◆ RECORDS FOR THIS EXERCISE ◆
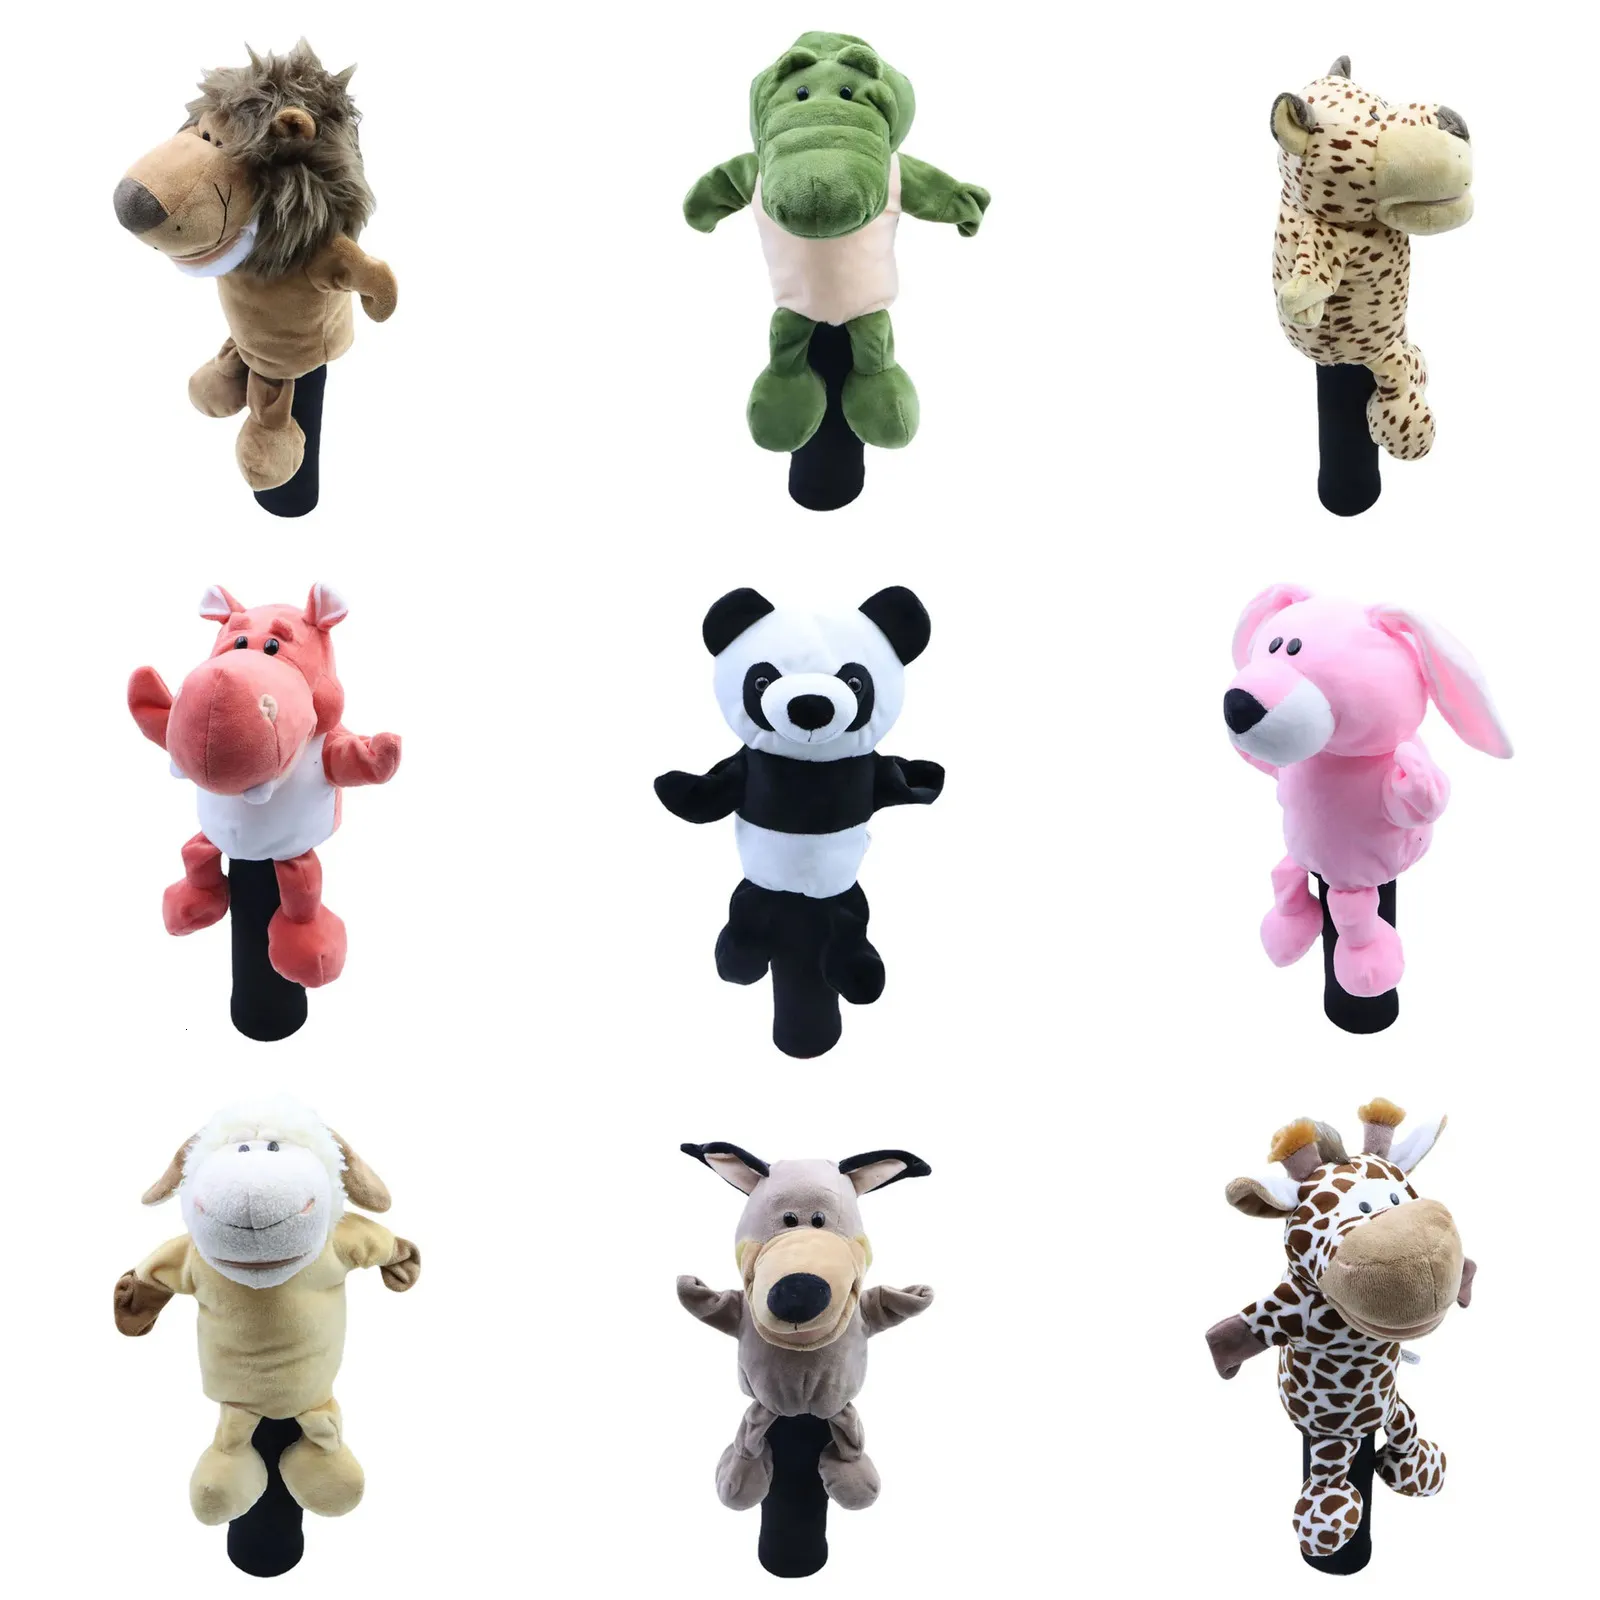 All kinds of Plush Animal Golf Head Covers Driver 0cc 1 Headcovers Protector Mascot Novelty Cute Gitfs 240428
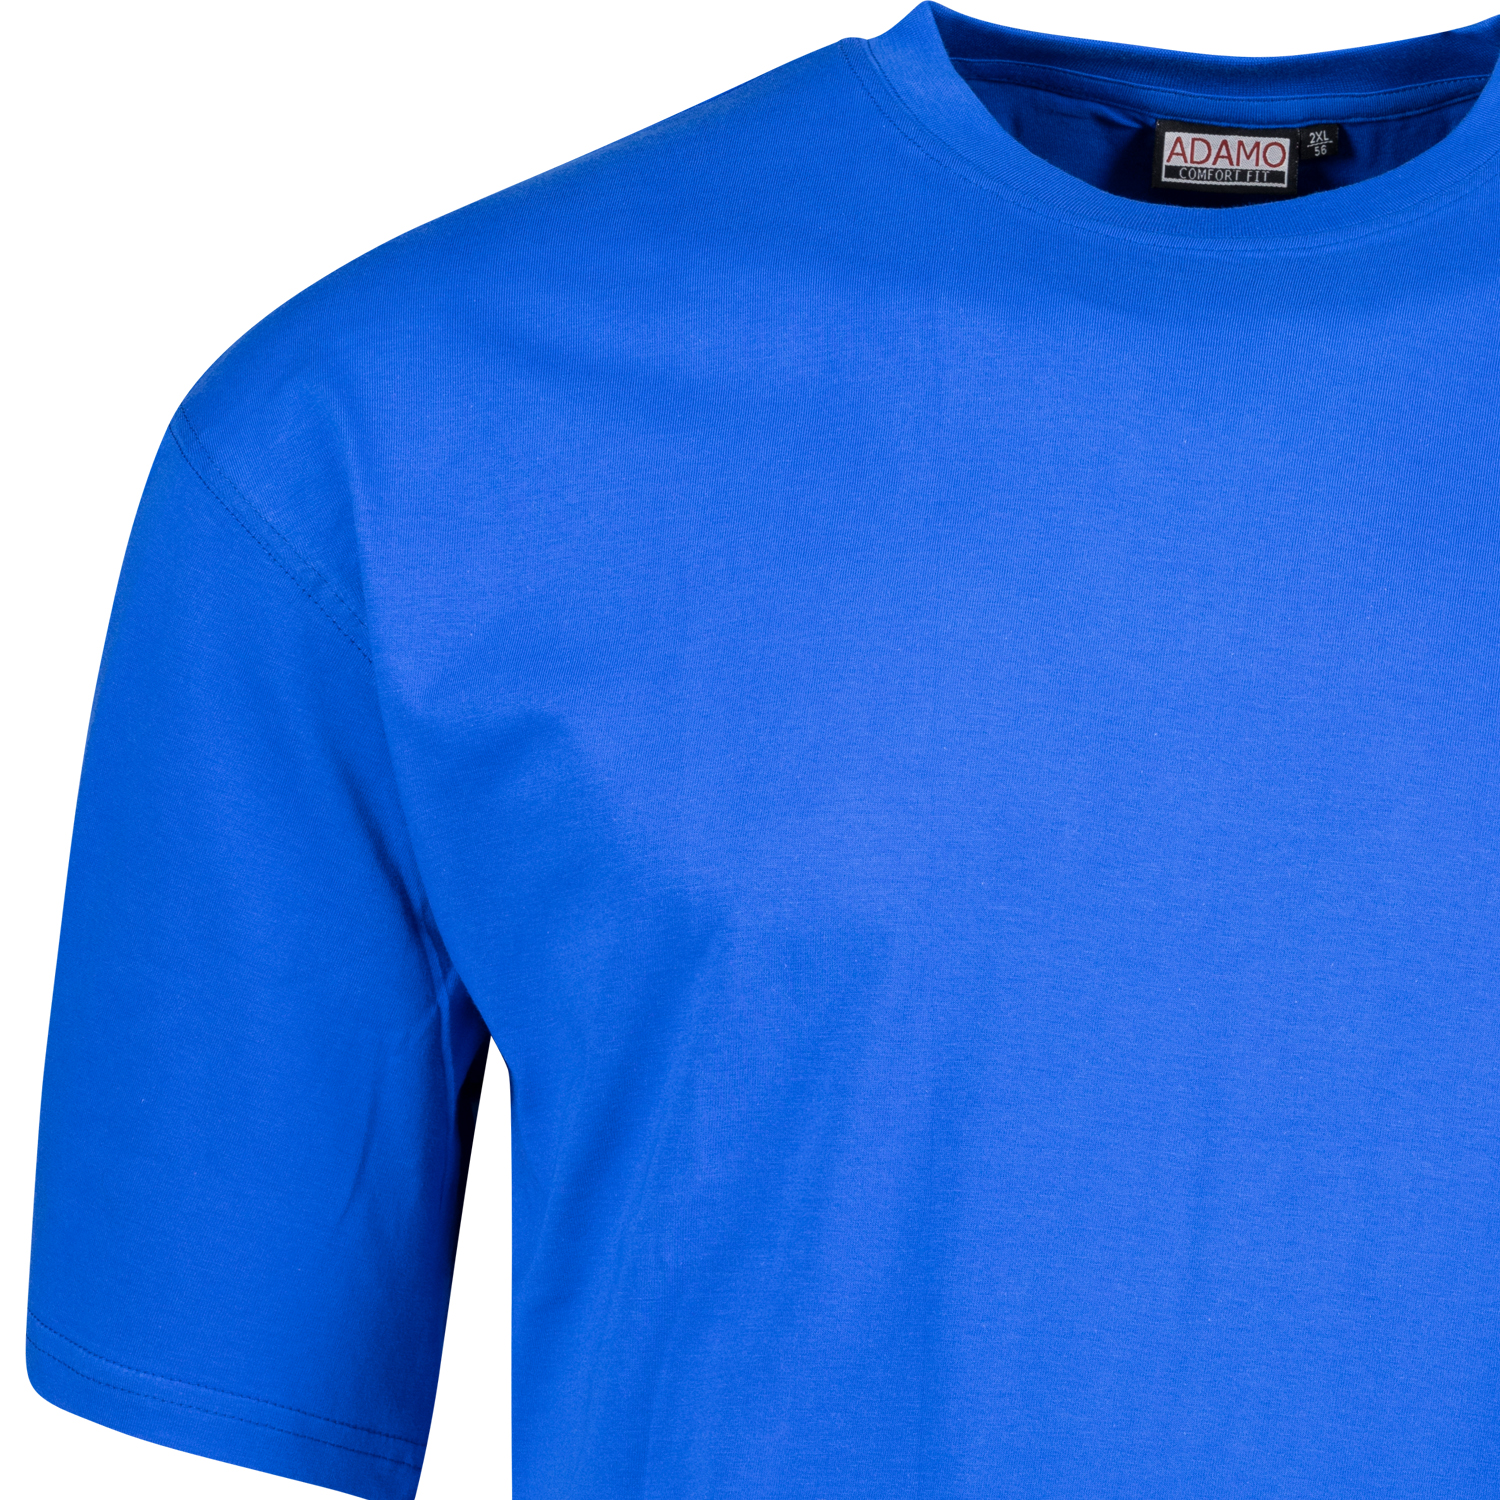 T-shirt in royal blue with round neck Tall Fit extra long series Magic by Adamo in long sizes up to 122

...

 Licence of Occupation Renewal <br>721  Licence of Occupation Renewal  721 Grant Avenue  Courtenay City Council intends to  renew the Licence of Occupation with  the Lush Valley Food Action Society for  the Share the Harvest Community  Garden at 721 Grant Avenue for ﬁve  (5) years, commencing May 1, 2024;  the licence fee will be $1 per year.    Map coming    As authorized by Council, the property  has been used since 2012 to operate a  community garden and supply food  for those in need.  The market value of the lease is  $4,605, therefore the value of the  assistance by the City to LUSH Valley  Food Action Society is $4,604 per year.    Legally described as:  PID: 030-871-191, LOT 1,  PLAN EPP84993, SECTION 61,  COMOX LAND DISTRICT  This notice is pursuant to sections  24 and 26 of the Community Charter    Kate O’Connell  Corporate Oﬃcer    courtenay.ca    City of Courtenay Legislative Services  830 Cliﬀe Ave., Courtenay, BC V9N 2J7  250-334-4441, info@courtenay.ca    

◆ PROBLEM DETAILS ◆
How would the lines above read from the one with "All kinds of" to the one with "T-shirt in royal", inclusive, with no pictures? Write them out exactly.

◆ WRITTEN SOLUTION ◆
 All kinds of Plush Animal Golf Head Covers Driver 0cc 1 Headcovers Protector Mascot Novelty Cute Gitfs 240428
 T-shirt in royal blue with round neck Tall Fit extra long series Magic by Adamo in long sizes up to 122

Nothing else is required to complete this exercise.